Nespolo's first reason is disputable. In biology it is very difficult to define a number as large or small or to determine whether it does or does not pertain to a given group. (Norman and Streiner, 1994). The ratio of IN1 between resting and maximal exercise represents a 3% variation. The 95% confidence limits of the entire data set are 142 and 205. The 95% confidence limits of the exercising dog are 112 and 232. The resting value of IN1 is 176.5, which is included within the 95% confidence limits of the exercising dog. The same occurs when the data is transformed into logarithms (the 95% confidence limits for the logarithmic transformation are 119 and 246).

The second reason is widely known: ratios and logarithms make the numbers small. However, our residual mass exponent is 0.003 and not 0.03. Furthermore, we are not using allometric equations to calculate IN1.

The third reason is partially valid. We do agree, in fact, that the number of cases in our example is small (N = 1), but we are not replacing the actual data in allometric equations. It is also interesting to bear in mind that Wunderlich measured nearly 1,000,000 axilar temperatures in 25,000 subjects and determined 37ºC to be the "normal" temperature. Modern measures revealed that Wunderlich's thermometers were erroneously calibrated (Mackowiak et al., 1992).

Nespolo's fourth reason is invalid for the simple reason that we do not compare the dimensionless number obtained from actual data with the dimensionless number obtained from allometric equations.

The fifth reason is also disputable. We do not deny that the variables are in some way connected (in physiology it is very difficult to identify two variables that are not correlated). Our Figure 1 emphasizes the reticular structure of the circulation. Obviously, to obtain the same number under two different conditions it is necessary to have certain variables increase while others decrease.

It is quite curious that Nespolo does not criticize our DN2 in his article.
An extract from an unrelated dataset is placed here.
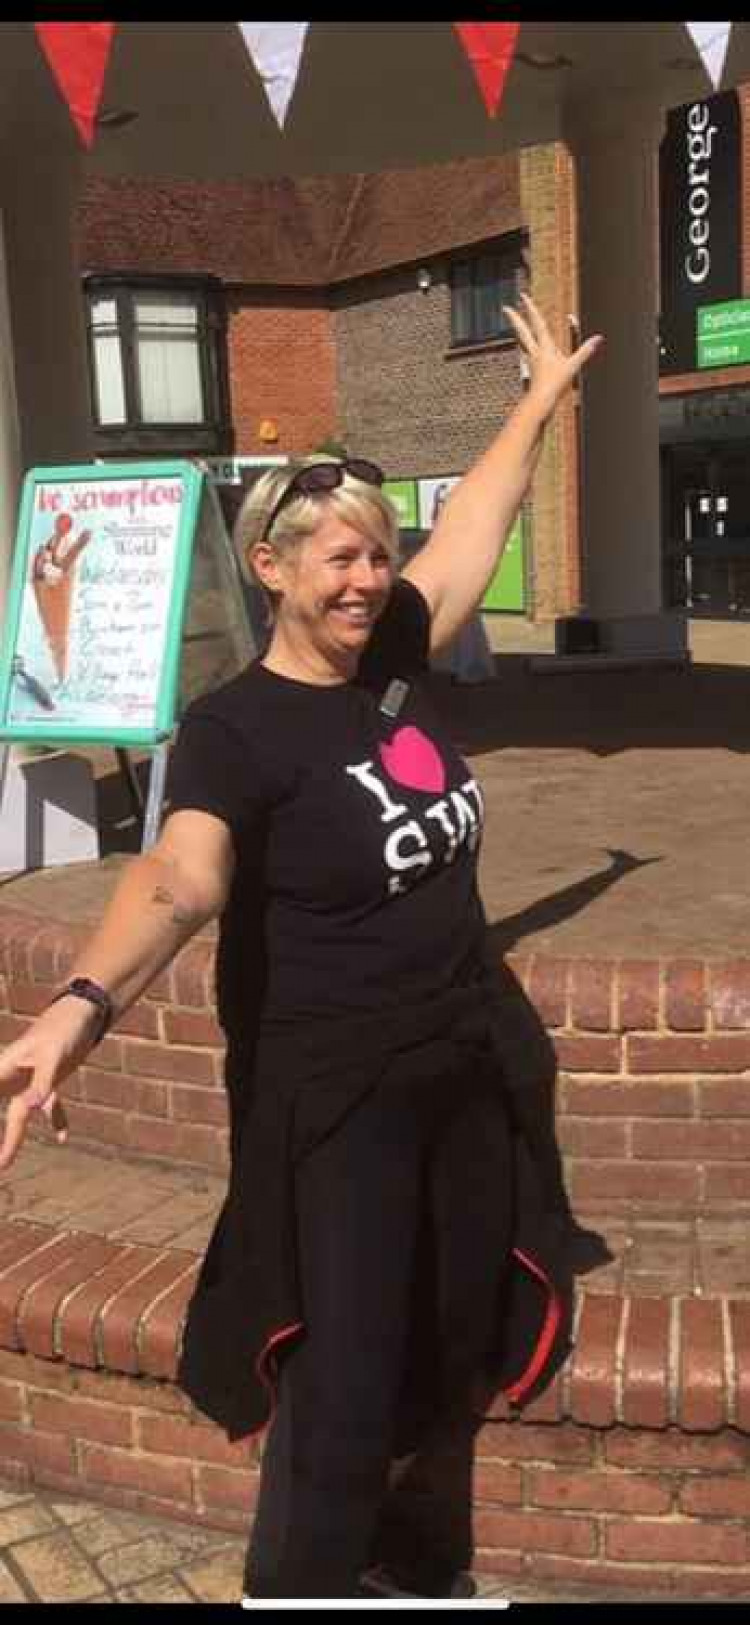 Kay Driscoll, one of the Slimming World consultants in the Maldon team

In this case, the dimensionless number obtained from the allometric equations is 824. The number obtained from data under shock conditions (obviously not experimental data) is 37.5. The ratio of the two is near 22. This figure seems to be large enough for Nespolo, but it was obtained from allometric equations and from pooled data not pertaining to the same individual.

Nespolo concludes by tritely reminding the reader of basic scientific and philosophic definitions and making a number of negative assertions about our article when in fact his claims themselves are based on an erroneous interpretation of our work, and therefore moot.

In sum, Nespolo's "old fallacies" article deserves an old Shakespearean title: "Much Ado About Nothing."

BRUNO GÜNTHER^{a} and ENRIQUE MORGADO^{b, c }

^{a }Professor Emeritus of Physiology and Physiopathology, University of Concepción, University of Valparaíso, and University of Chile

^{b }Programa de Fisiopatología, Facultad de Ciencias Médicas, Universidad de Santiago de Chile, Santiago, Chile.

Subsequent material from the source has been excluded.